Segment Start: DATA RECORDS
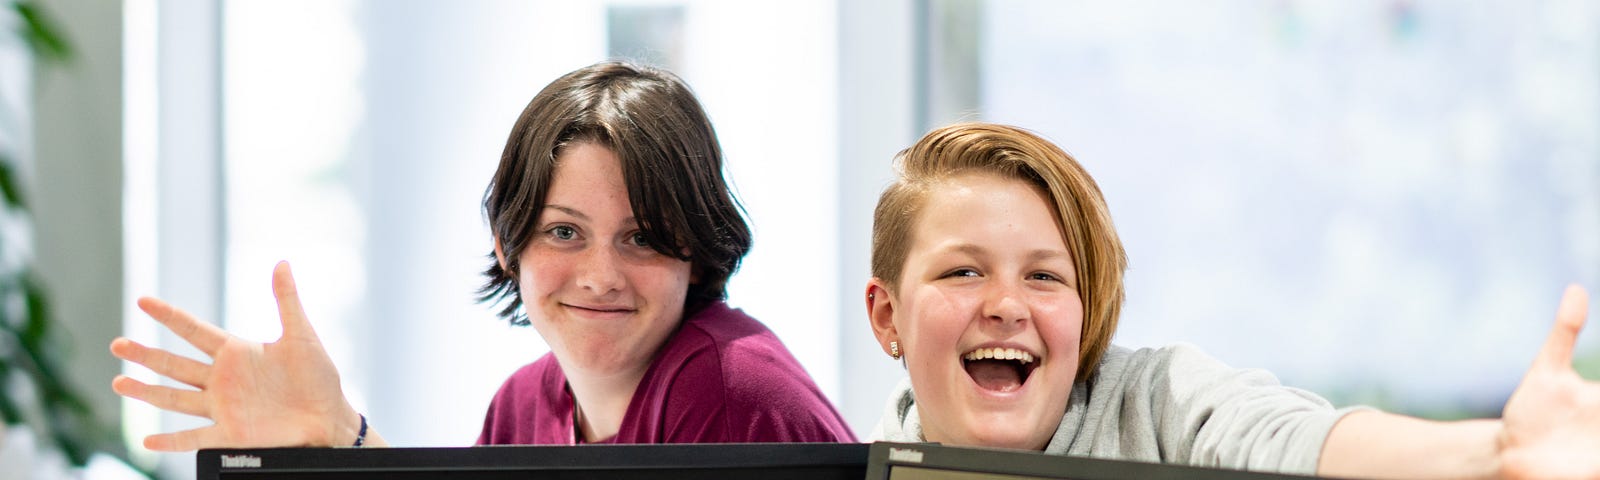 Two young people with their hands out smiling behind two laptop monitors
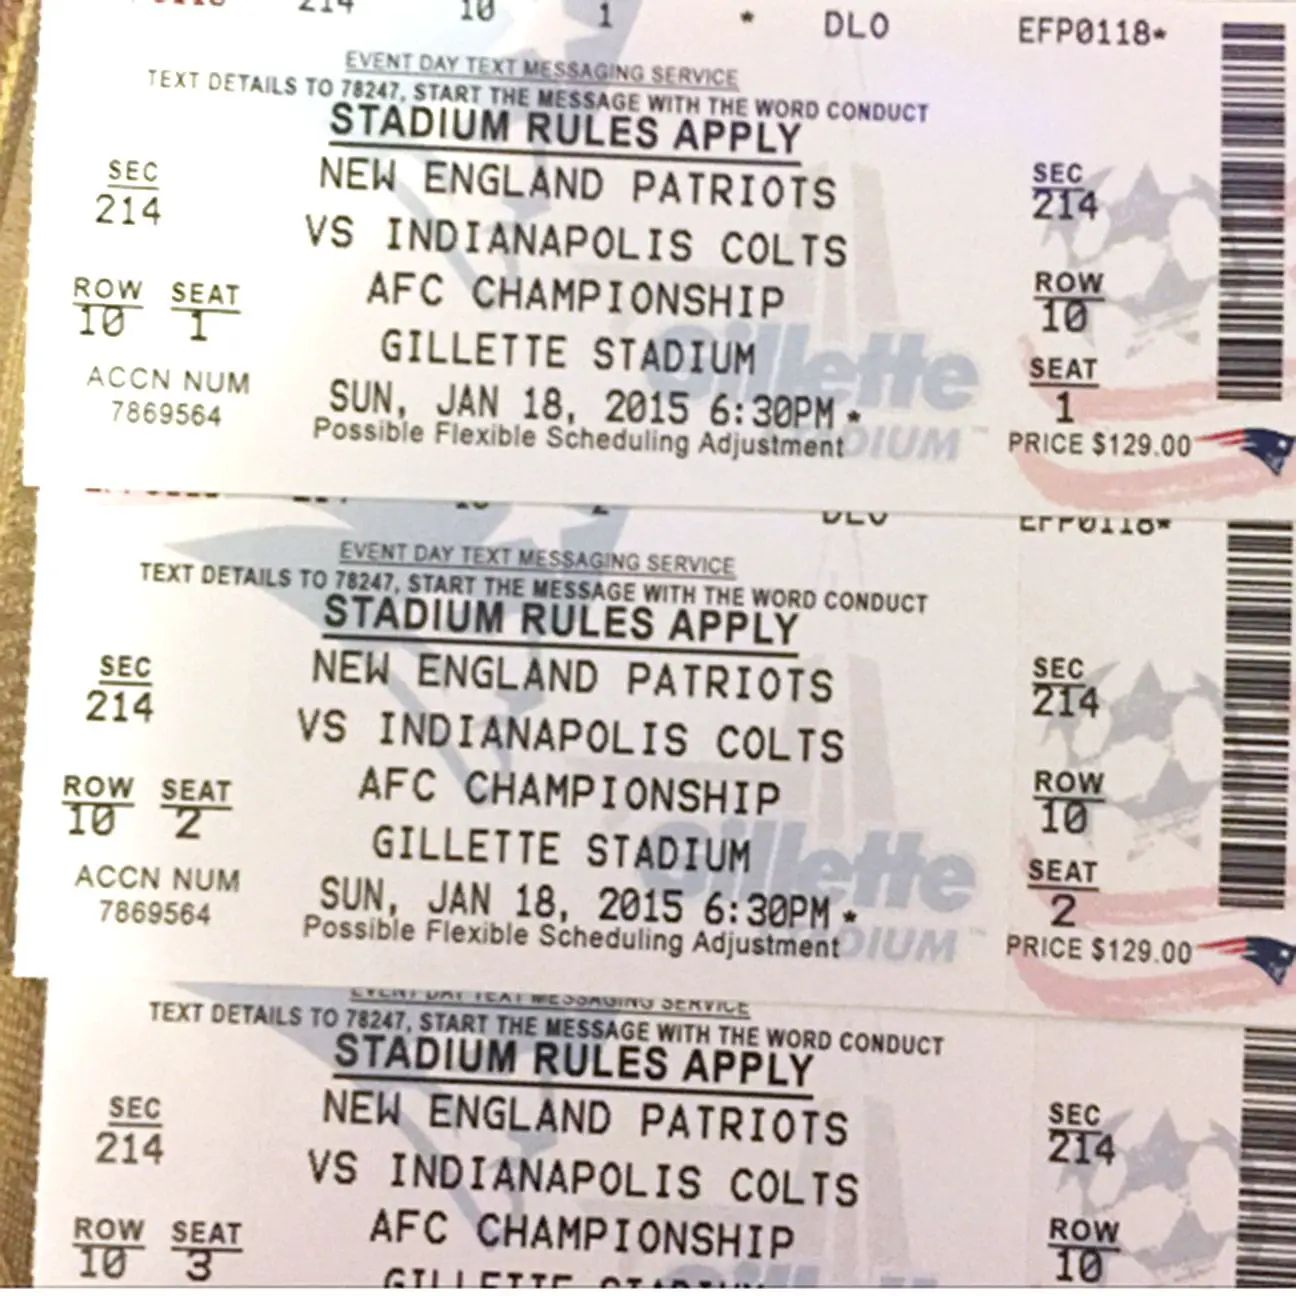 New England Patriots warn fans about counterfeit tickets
Segment End: DATA RECORDS
Segment Start: DATA RECORDS
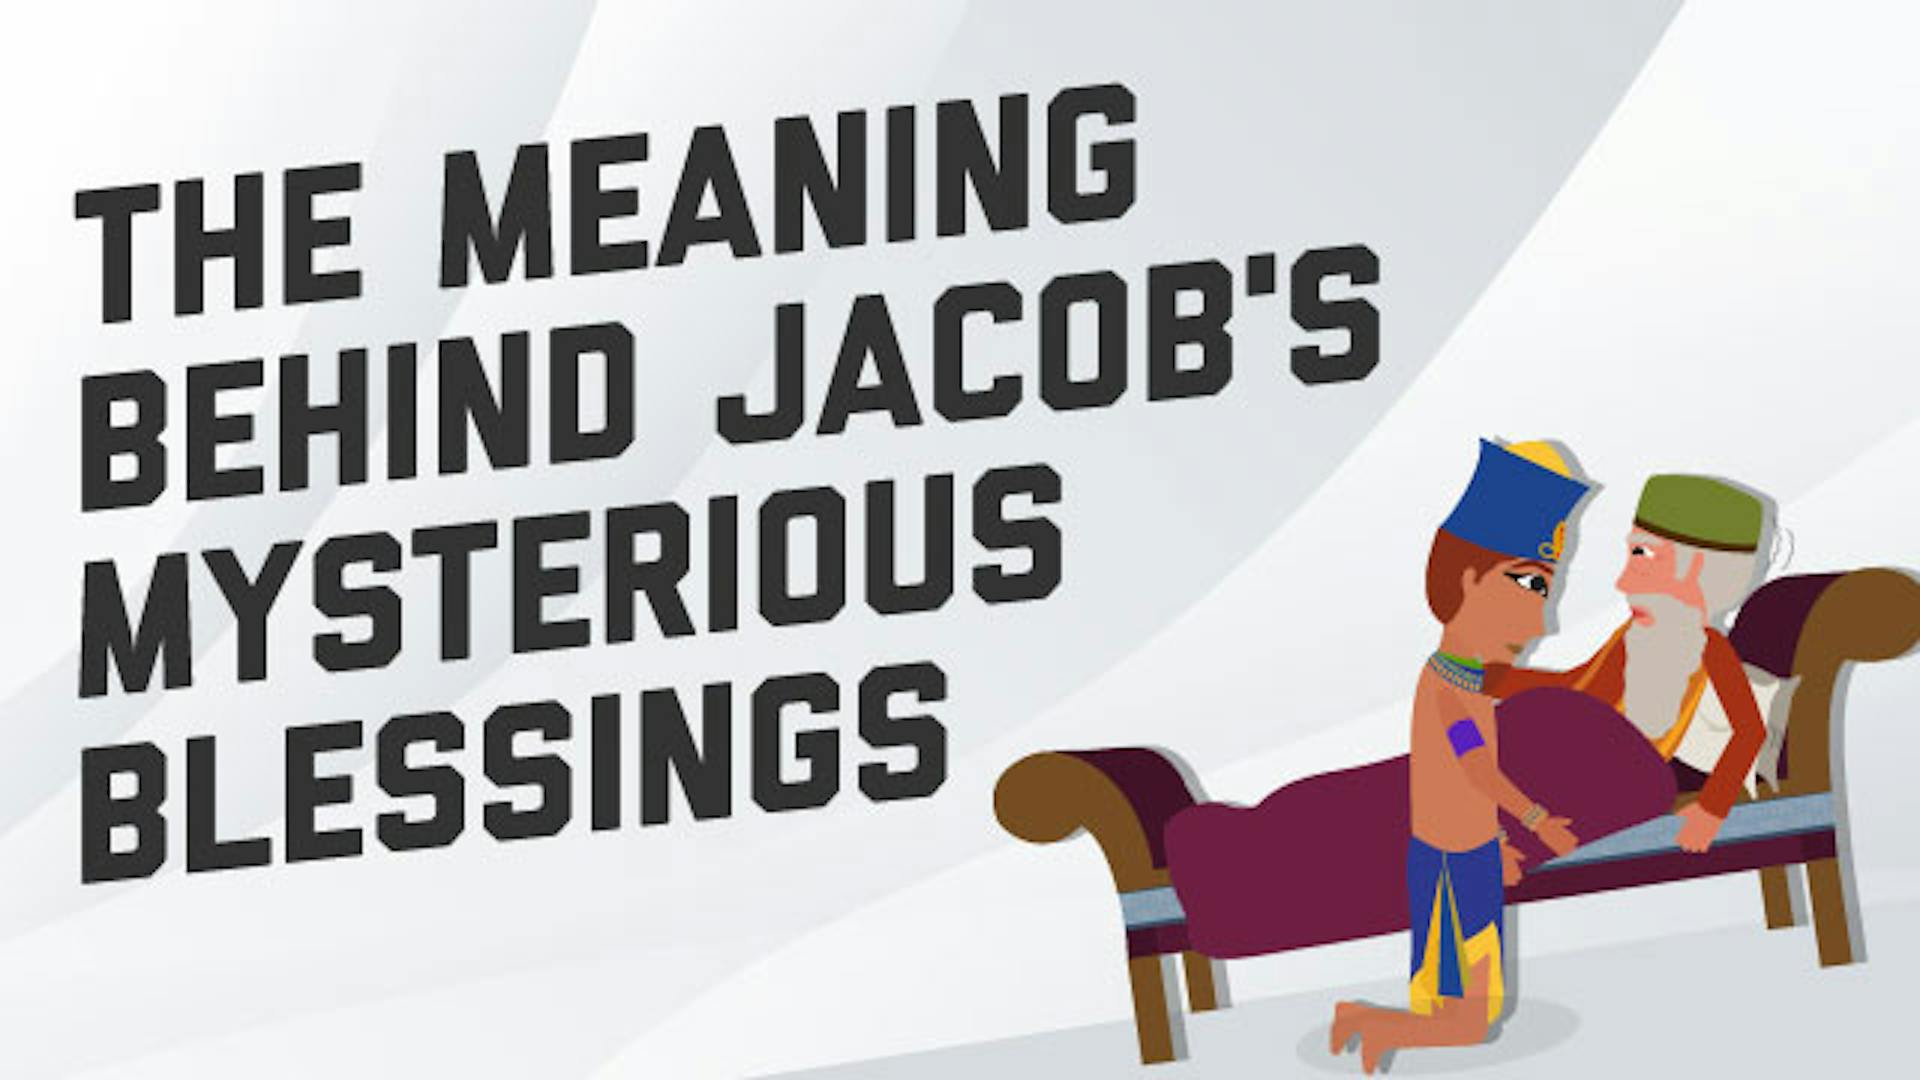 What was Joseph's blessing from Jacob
Segment End: DATA RECORDS
* [REQUIRED WORK]
Range to print from the listing above: from the line with "Two young people" up to and including the line with "New England Patriots". Please print those lines exactly, with no pictures and nothing more.

* [WRITTEN RESPONSE]
 Two young people with their hands out smiling behind two laptop monitors
 New England Patriots warn fans about counterfeit tickets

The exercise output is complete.